Um naufrágio, imigrantes e o Museu de Arte Sacra

Henrique Trindade
4 min readMay 11, 2020

Em junho do ano passado estive em Gênova para participar de um simpósio. Da janela do meu hotel eu tinha uma vista privilegiada da Piazza Acquaverde, bem ao lado da estação de trem. A principal atração da praça é um enorme monumento dedicado a Cristóvão Colombo, inaugurado em 1862, e certamente admirado por muitos dos milhares de imigrantes que partiam do porto da cidade para “fazer a América”, especialmente a partir do final do século XIX.

Porém, em agosto de 1906, um rapaz, funcionário da Companhia de Navegação Italiana, surgiu na praça, parou em frente à estátua de Colombo e, aos gritos, começou a amaldiçoa-lo por ter descoberto a América. O homem não era louco, tampouco estava embriagado. Essa foi a maneira dele exteriorizar seu desespero após receber a notícia de que seu irmão, que há poucos dias embarcara dali em direção à América do Sul, falecera em uma das maiores tragédias transatlânticas do começo do século XX: o naufrágio do vapor Sírio.

O acidente com o Titanic (1912) foi algo tão marcante que, de certa forma, ofuscou outras histórias semelhantes. Frequentemente menciono o desastre com o vapor Principessa Mafalda (1927), que afundou na costa da Bahia, em que pereceram quase 400 pessoas (aliás, o Papa Francisco tem relação com esse naufrágio. Assine minha newsletter para saber mais sobre essa história: http://tinyletter.com/henriquetrindade), mas imagino que poucos conheçam a catástrofe do Sírio, ocorrida no dia 04 de agosto de 1906.

A notícia do naufrágio repercutiu em diversos países. O navio era italiano e a maioria dos passageiros eram dessa nacionalidade; o acidente ocorreu no litoral espanhol, próximo a Cartagena, e fez com que o rei da Espanha, Afonso XIII, enviasse ajuda aos náufragos; muitos dos imigrantes gregos, sírios e libaneses, que tinham como destino o Brasil, faleceram; e, além disso, há o fato de que o arcebispo de São Paulo, Monsenhor José Camargo de Barros, e o arcebispo do Pará, Monsenhor Homem de Melo, estavam presentes na embarcação. Este se salvou, aquele não teve a mesma sorte.

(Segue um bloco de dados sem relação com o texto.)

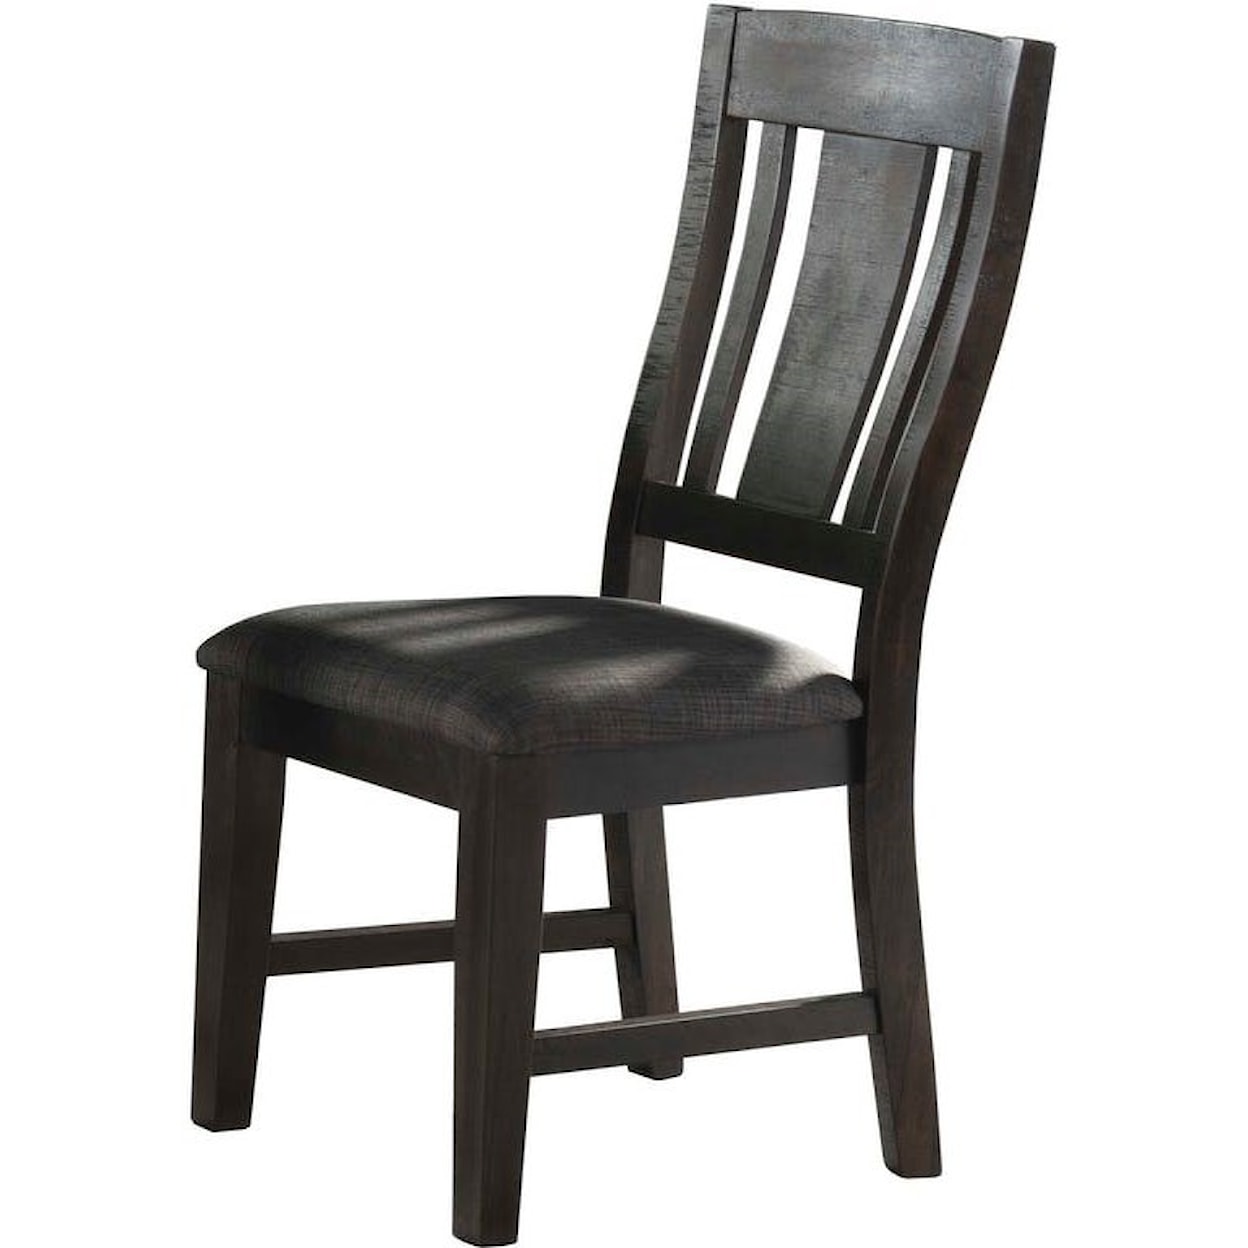 Elements International Cash Dining Side Chair

Os jornais trazem notícias angustiadas, ora citando que o arcebispo de São Paulo havia falecido, ora negando tal fato. Muitas crianças e mulheres fizeram parte das vítimas. Navios mercantes, que estavam próximos do local, resgataram centenas de pessoas, um heroico pescador, com seu pequeno bote, foi ao encontro dos náufragos e conseguiu salvar doze deles. Um dos passageiros perdeu a esposa e os seis filhos; a cantora e atriz espanhola Lola Martinez, que iria fazer uma turnê pela Argentina, pereceu; os abrigos improvisados em Cartagena se encheram de órfãos e as autoridades da cidade temiam que os cadáveres que chegavam às praias pudessem levar doenças. Durante o naufrágio o pânico se apoderou do navio, passageiros brigaram a punhaladas pela posse dos escassos coletes salva-vidas. Segundo algumas testemunhas o arcebispo de São Paulo faleceu enquanto abençoava às vítimas que se jogavam no mar, em razão da agressão de um tripulante (uma outra notícia cita um passageiro argentino) que lhe tirou o salva-vidas.

Autor: Benedito Calixto. Naufrágio do Sírio, 1907. Óleo sobre tela, 160 x 220 cm. Acervo Museu de Arte Sacra.

Muitos dos náufragos resolveram seguir viagem. Aguardaram em Cartagena, La Unión, Alicante e Torre Pacheco pelas novas embarcações, vapores Oravia, Ravenna e Italia, que atracaram com algumas das vítimas nos portos do Rio de Janeiro, Santos, Montevidéu e Buenos Aires. Enquanto na Itália parentes e amigos das vítimas, em busca de notícias, se aglomeravam em frente ao escritório da Navigazione Generale Italiana e vociferavam contra Cristóvão Colombo, na Espanha os pescadores que ajudaram no resgate eram homenageados e o tenor Maristany, um dos sobreviventes, foi designado para cantar nas exéquias.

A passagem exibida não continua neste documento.